The Architectural Design and Research Institute of Tsinghua University (THAD) has been commissioned with the architectural design of the restoration project, but its work is seriously impeded by the absence of written descriptions of the mansion or blueprints of its construction, according to THAD architect Chen Tong.

THAD has found two sets of drawings. One appears to show the layout of the mansion, but whether it was for design or survey purposes is uncertain. If the former should be the case, it could be one of many sets that were not actually put to use. The other set forms part of a survey carried out in 1937 by architects of the Society for the Study of Chinese Architecture, the last of whom died during the 1990s. The survey drawings comprised 16 sketches depicting key sections of the mansion, including five of its interior, but, in the absence of explanatory notes, their approximations are difficult for contemporary architects to follow.

Kong Xiangxing, former deputy curator of the China National Museum of History, has been responsible for seeking historical records relating to Prince Gong’s Mansion. His efforts have taken him as far as Germany, where he tracked down the 1940 editions of the Monumenta Serica magazine carrying an article entitled “Prince Gong’s Mansion of Beijing and Its Garden” at the Monumenta Serica Institute.

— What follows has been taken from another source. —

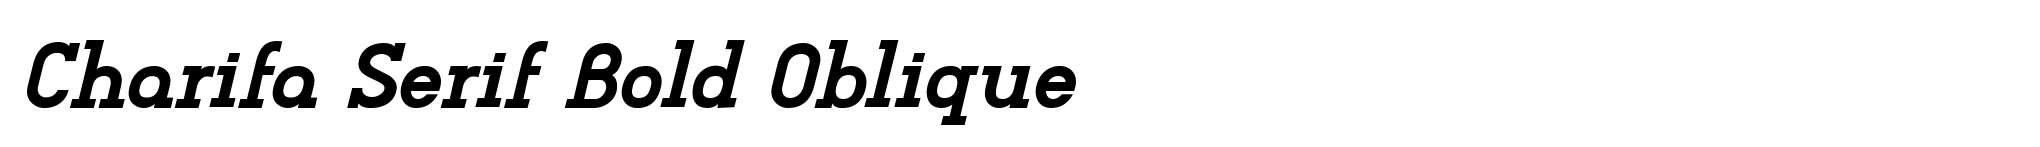 Charifa Serif Bold Oblique image

This 40,000-word article and its accompanying dozen or so photographs are the fruits of research on Prince Gong carried out by two specialists. It includes detailed accounts of a tour of the Prince Gong residence and private garden. It was hence of considerable help in the ongoing restoration plans.

Elusive Cultural Relics

In 1912, Puwei raised a mortgage on properties included in Prince Gong’s Mansion with the Japanese Yamanaka Trading Co., Ltd. In the three days from February 27 to March 1, 1913, Yamanaka shipped 563 cultural relics to the United States for auction, and the same year auctioned off 221 items in London. It also put relics up for sale in its own stores.

In 2005 in Japan, the fourth-generation boss of the Yamanaka Trading Company showed to staff members of the Administrative Center of Prince Gong’s Mansion his collection of old photographs. It included one of his great grandfather Yamanaka Dinjiro with housekeeper of Prince Gong’s Mansion in front of the First Palace Gate, and another of the mansion’s Asi Gate. But of greater significance still was the illustrated catalogue, in Mr. Yamanaka’s possession, listing items, originally part of Prince Gong’s Mansion household that were sold at a New York auction, along with their transaction prices and buyers. This find enabled the center to pinpoint the whereabouts of many Prince Gong’s Mansion relics. Regaining them, however, is another matter.

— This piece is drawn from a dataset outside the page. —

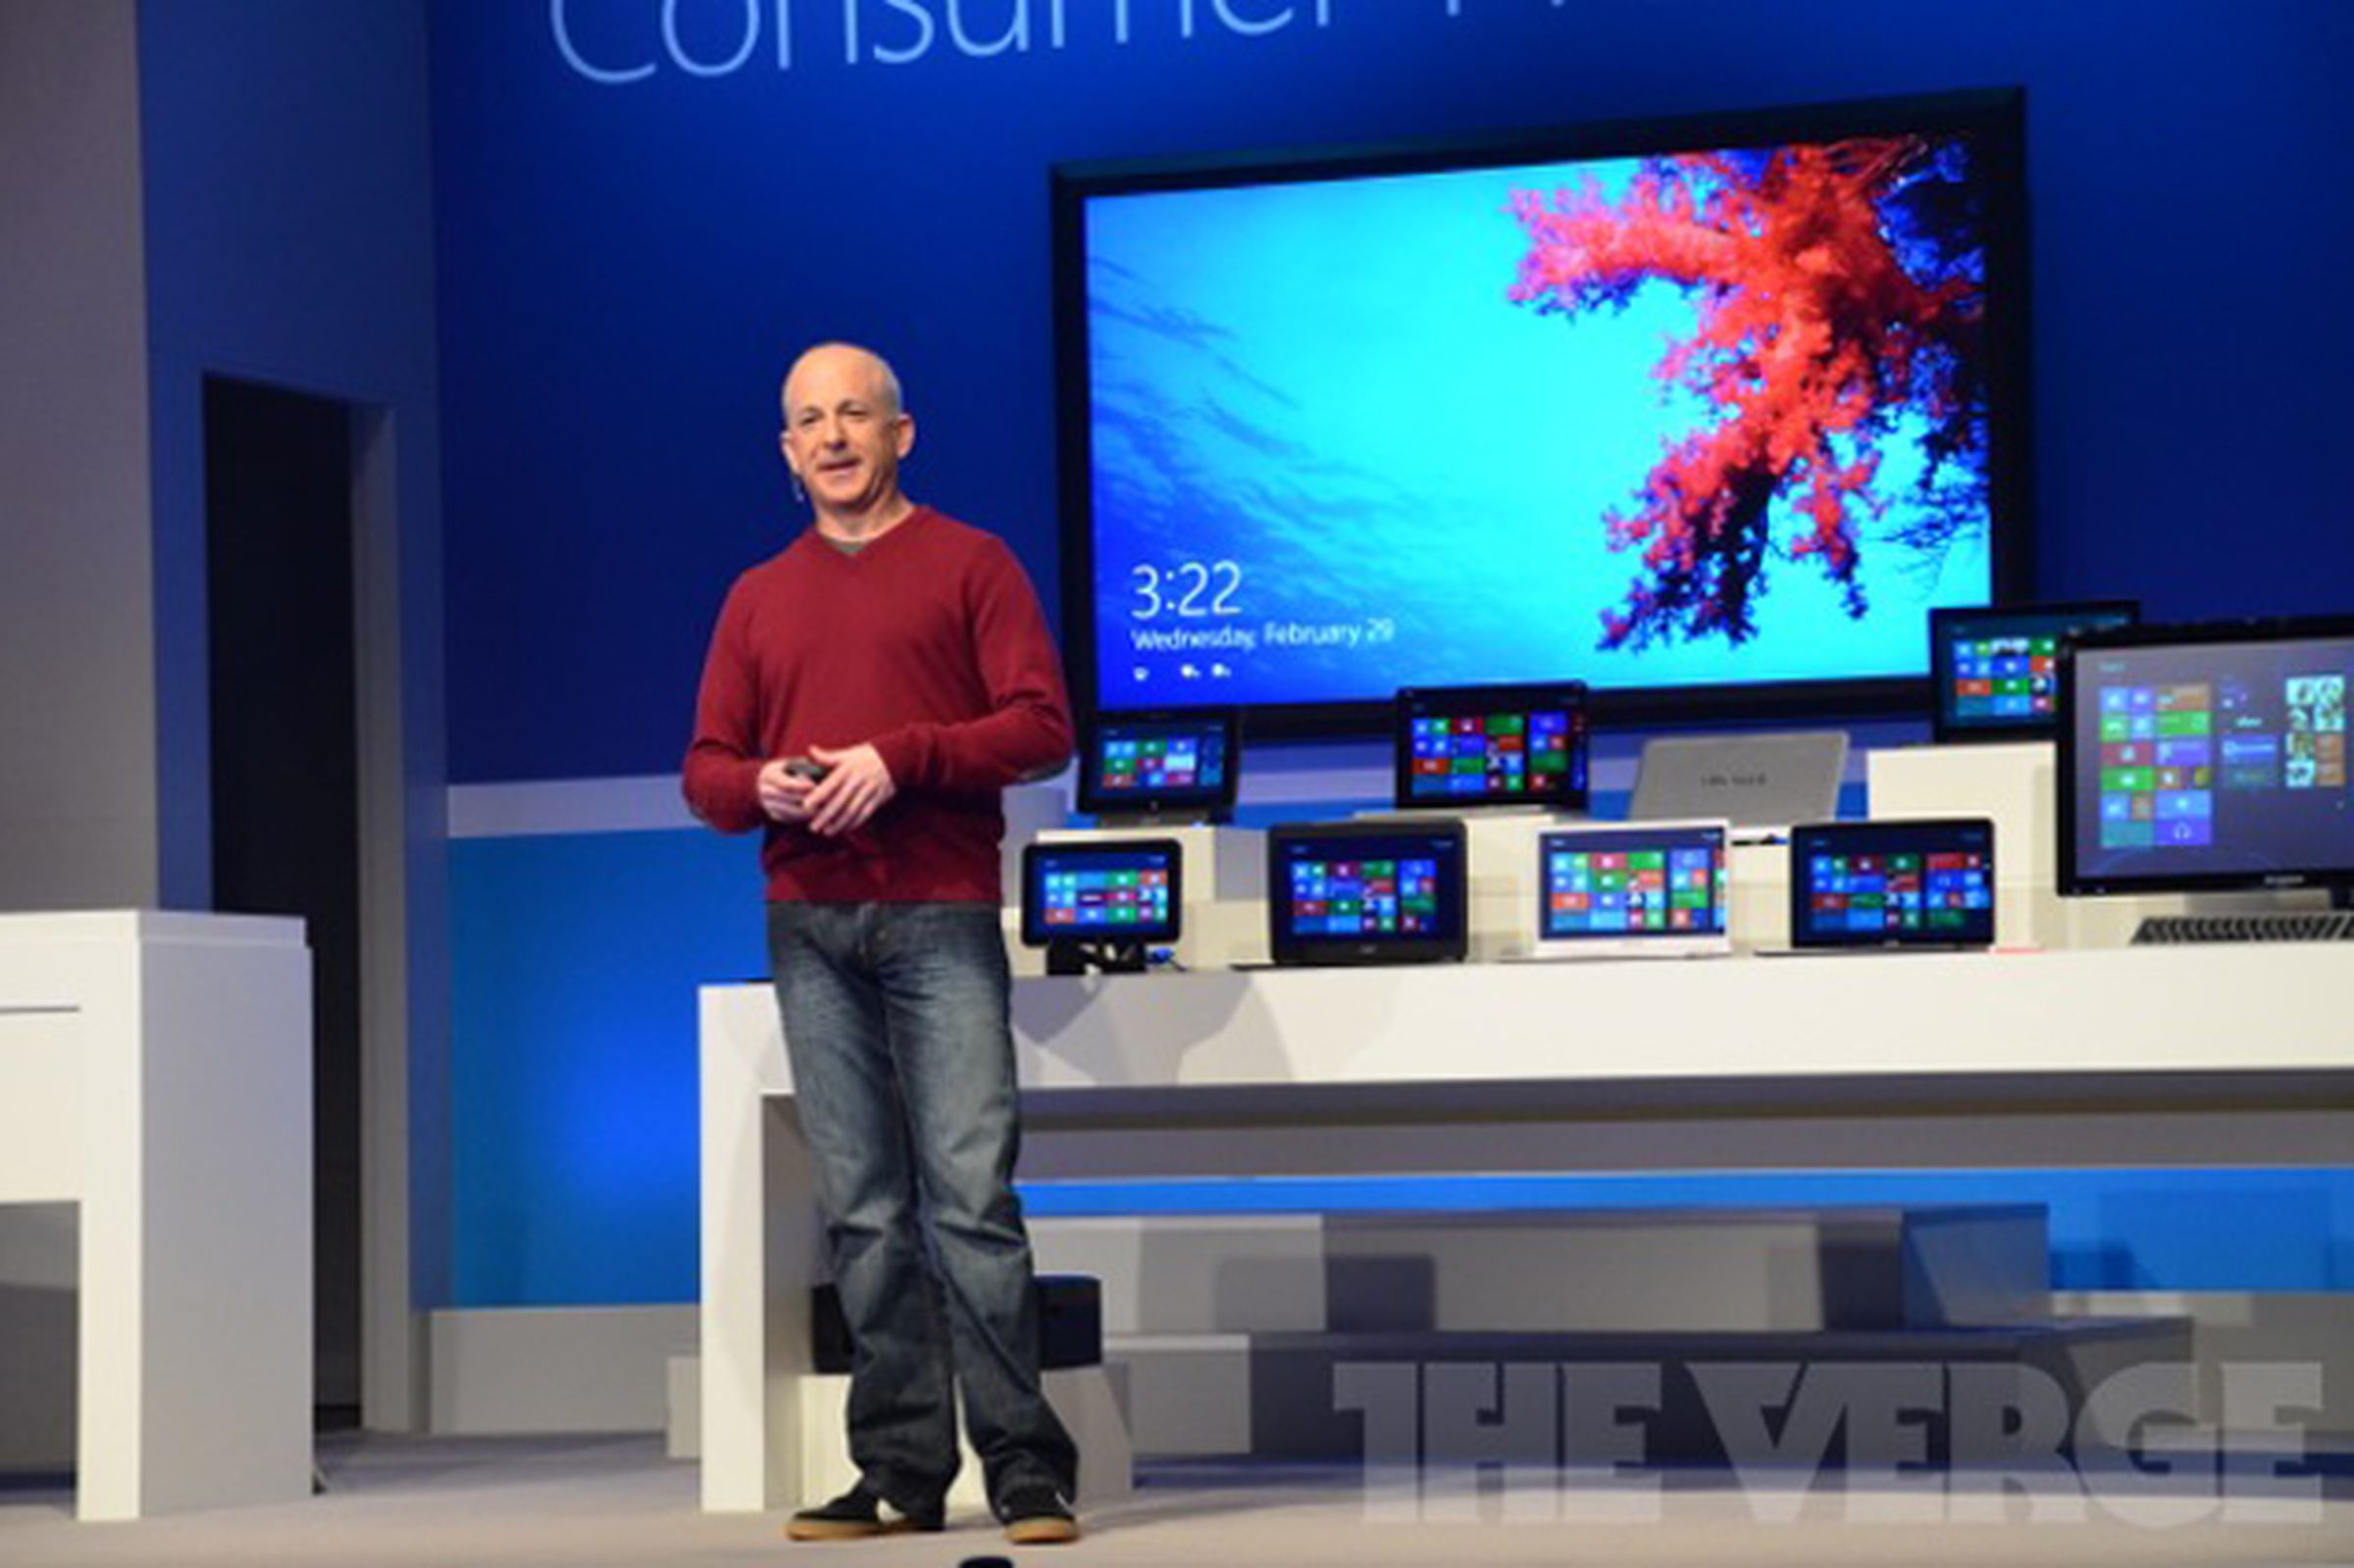 Windows 8 Consumer Preview Event Steven Sinofsky

As it now transpires, many Prince Gong’s Mansion relics are part of various museum collections in and outside of China, and as such difficult to recover. Paintings and calligraphic works originally part of Prince Gong’s Mansion décor are currently on exhibit in American and European museums, and will take time to recover; restoration of the mansion’s sandalwood furniture now part of the Taipei Palace Museum collection is nigh on impossible. .

The Administrative Center of Prince Gong’s Mansion began recovery of lost cultural relics in 2004. It has since regained more than 400 pieces, including texts on and photos of Prince Gong ‘s Mansion and other prince’s mansions, according to Lu Ping, director of the center’s cultural relics management department. Other recovered items are paintings and calligraphic works by Qing royal members and their descendants, luxury Ming and Qing furniture and ceramic vessels, various sacrificial articles and items of stationery.

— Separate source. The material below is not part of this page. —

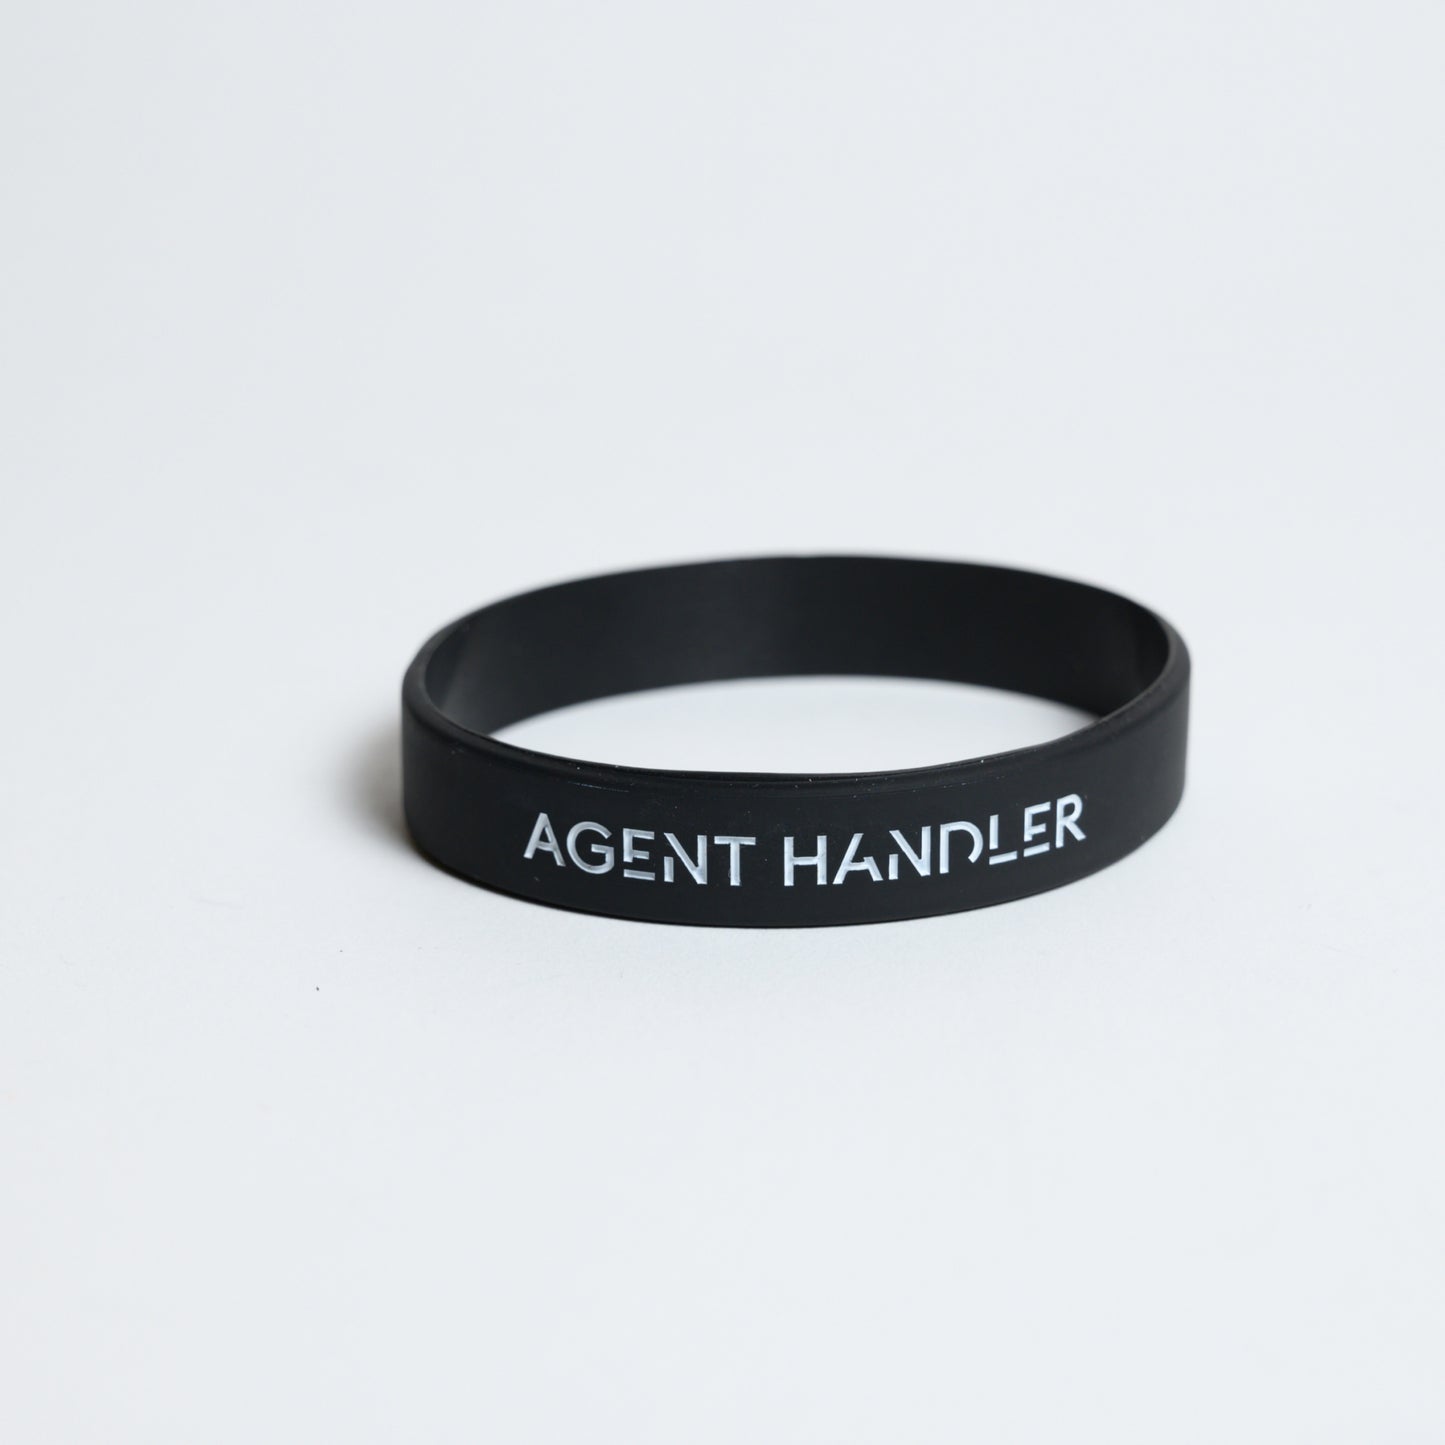 Agent Handler Wristband

When soliciting Prince Gong’s Mansion relics was announced on the media, the center received dozens of calls as to the whereabouts of further items, among them a set of mahogany furniture inlaid with mother-of-pearl found in Shijiazhuang, Hebei Province, which the administrative center bought back for RMB 2 million.

The media has thus also been of inestimable help to the center and THAD in their joint mission to restore Prince Gong’s Mansion -- this remarkable facet of China’s imperial past. Those involved in the project now feel more confident that restoration work can be accomplished and that Prince Gong’s Mansion will open to the public, as scheduled, in 2007.